P.S. It should also be said that this business with the Frost family was clearly a shot across the bow warning Dems who want healthcare reform that the battle is going to be a bloody, take-no-prisoners battle to the death the guerrilla opposition led by the uber-creepy Mitch McConnell and his "flying Monkeys," Malkin, Limbaugh, Fox, NRO etc. It going to be ugly, ugly, ugly. Any moderates out there still think that all we need to do is sit down and talk sense with this lot?
Update: Greenwald this morning:
O'Reilly summarized what the Far-Left America would look like once John Edwards got done with it:
[W]ould you support President John Edwards? Remember, no coerced interrogation, civilian lawyers in courts for captured overseas terrorists, no branding the Iranian guards terrorists, and no phone surveillance without a specific warrant.
Who could even fathom an America plagued by habeas corpus, search warrants, and a military that fails to beat, freeze and mock-execute its detainees? And nothing is more sacred to core American values than branding other countries' armies as "Terrorists" ("The [Revolutionary] Guard is the SS of Iran").
O'Reilly has aptly highlighted here the new ideological divide in our political culture -- one is now on the "Left," usually the "Far Left," if one supports what were previously the defining attributes of basic American liberties, while one is "Serious" and "Responsible" and "Centrist/Right" only if one is too sophisticated and "tough" to actually think that such effete and abstract things matter.

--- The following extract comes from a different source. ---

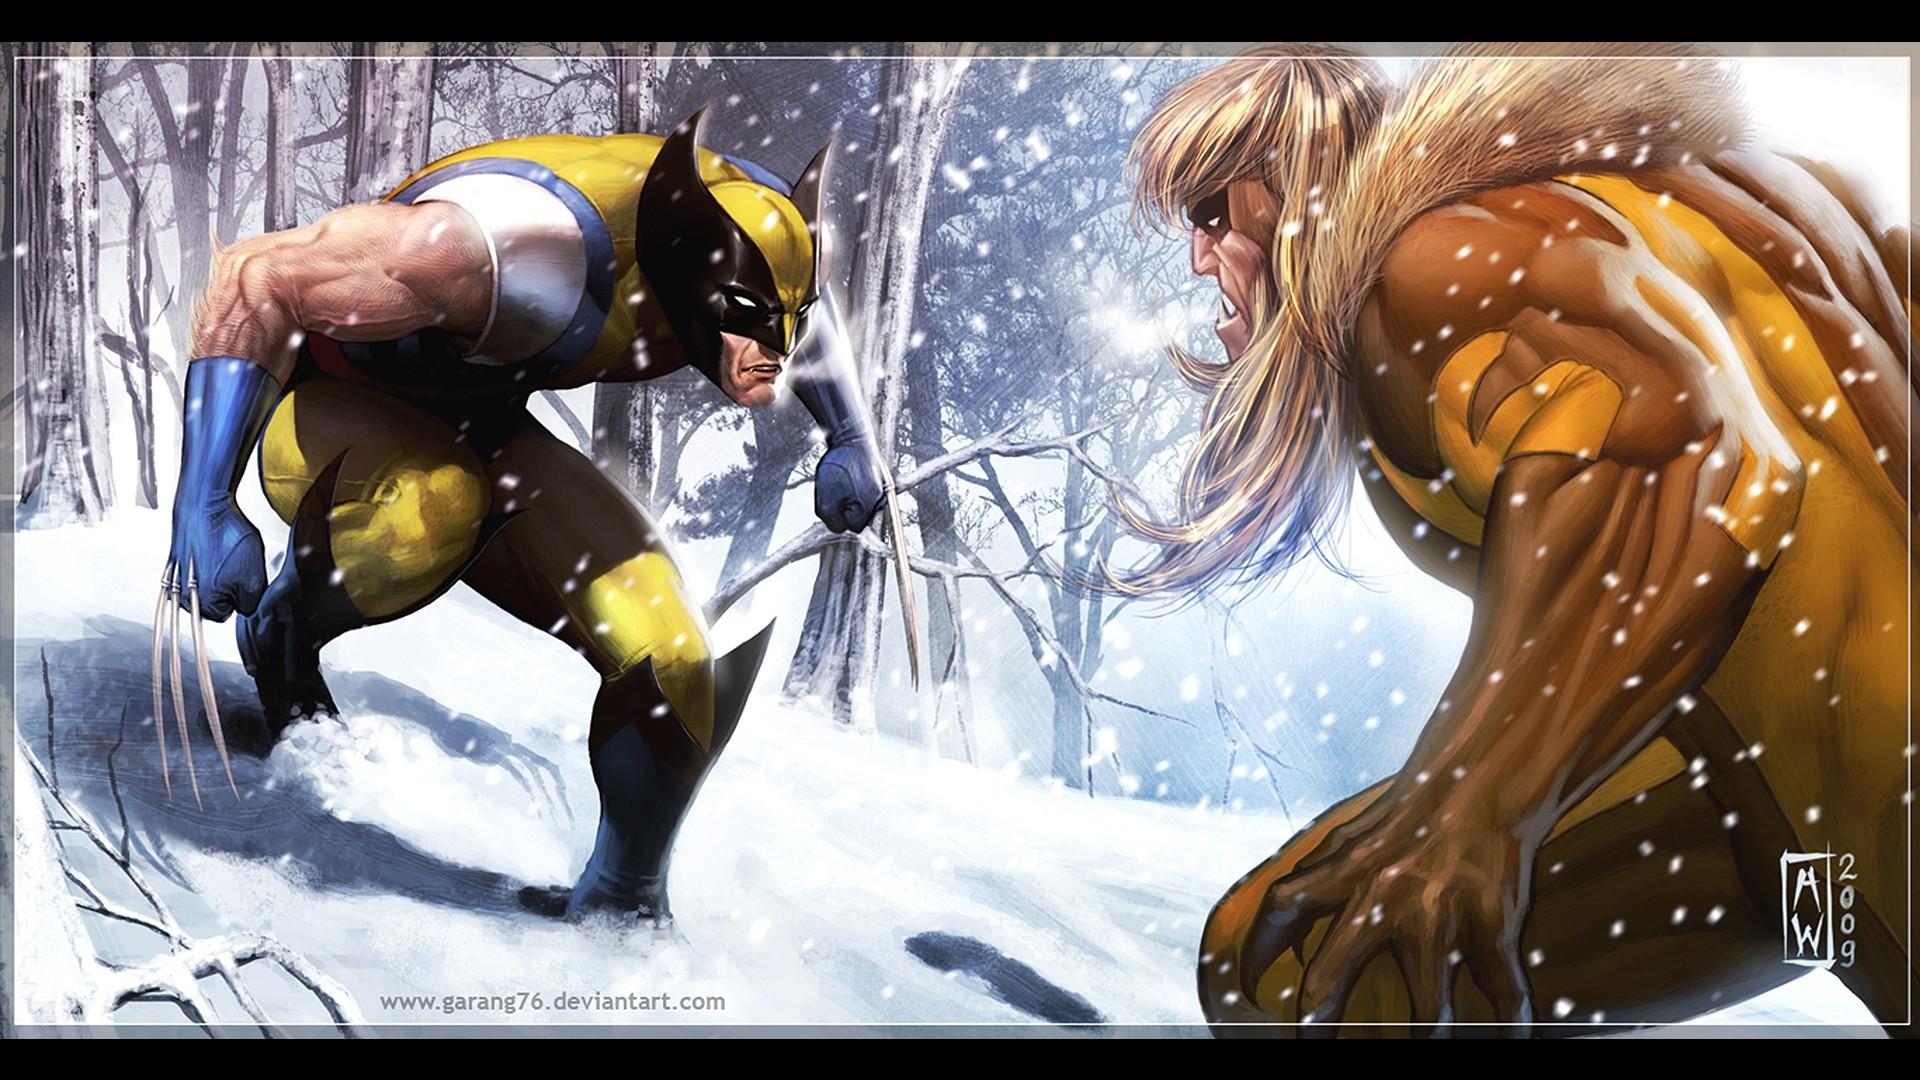 Res: 1920x1080, Wolverine Marvel superhero f wallpaper |  | 133073 | WallpaperUP
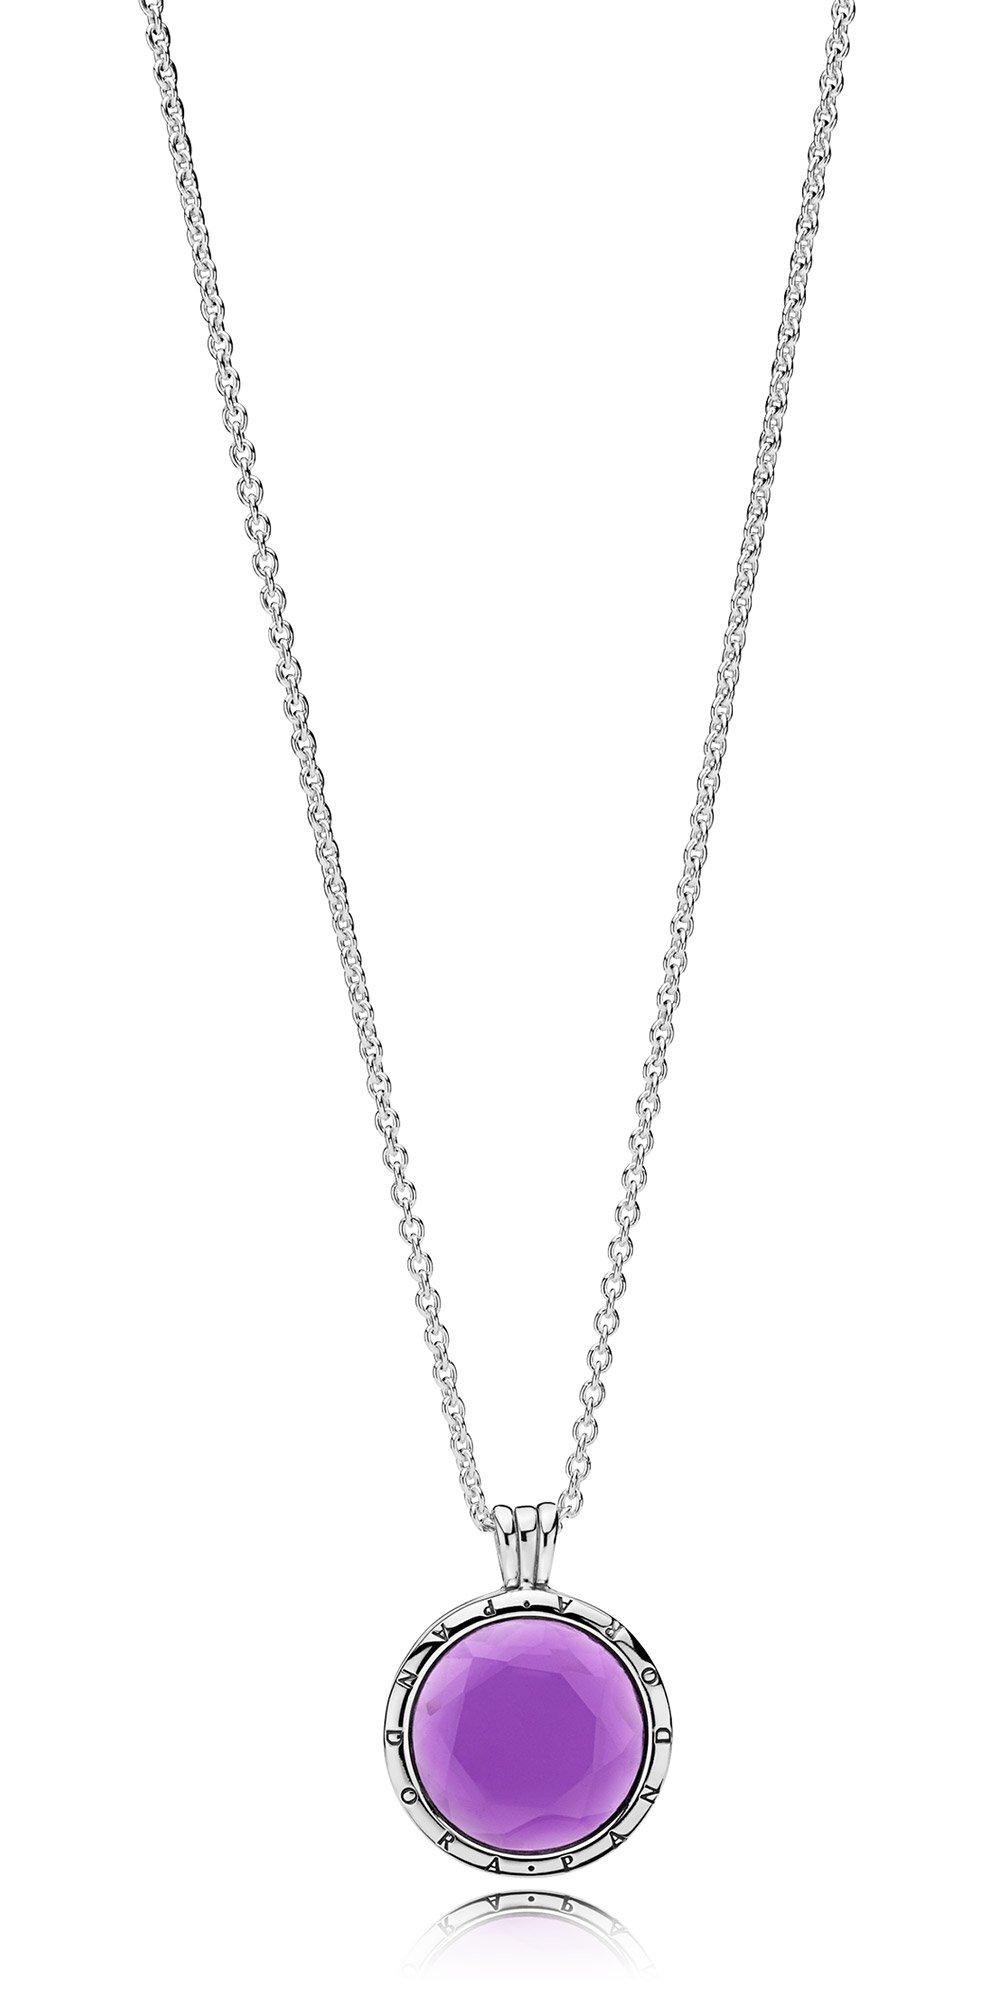 Pandora 397710sam 60 Ladies´ Necklace Faceted Floating Locket Regarding 2020 Pandora Lockets Logo Necklaces (View 15 of 25)

That's how it works: slowly, incrementally we adjust as slowly, incrementally the infrastructure for tyranny is laid. So you might think, "Who listens to that old crank O'Reilly, anyway?" Greenwald addresses that in an update:
To underscore the key point here -- that O'Reilly's views of "leftism" and radicalism are shared generally by the Beltway establishment -- look at those two endlessly instructive columns on FISA by that bellweather of Responsible Serious Beltway Centrism, David Ignatius. In both columns, Igantius rails against the two intractable, "absolutist" partisan sides which are blocking a fair, bipartisan solution. One excessively partisan side is Bush/Cheney, for refusing to allow FISA to be amended to make their warrantless eavesdropping legal. The other excessively partisan side are those who oppose amending FISA to legalize the President's warrantless eavesdropping activities.
The only responsible, centrist approach is from those who beg the White House to be allowed to re-write FISA to make legal the President's warrantless eavesropping activities. Those who opposed legalizing the President's NSA program -- on what ought to be the uncontroversial ground that warrants should be required for eavesdropping -- are "playing partisan games," "pursuing absolutist agendas," and impeding important centrist solutions.
Thus, put another way, in the Ignatius/Beltway world, if you believe that the Government should have to get warrants before eavesdropping on the conversations and reading the emails of Americans, then you are -- for that reason alone -- a radical, shrill, obstreperous fringe partisan interfering with the Serious, responsible policy-makers in the Beltway. Seriously, that is literally what they believe, the prevailing Beltway view.
And by now it should be clear that legislators care more about their Beltway cred than they do about how the voters see them. As long as they can hide in the conventional wisdom as guys like Ignatius project it, they have nothing to fear from the majority of their constituents who are either uninformed or don't care.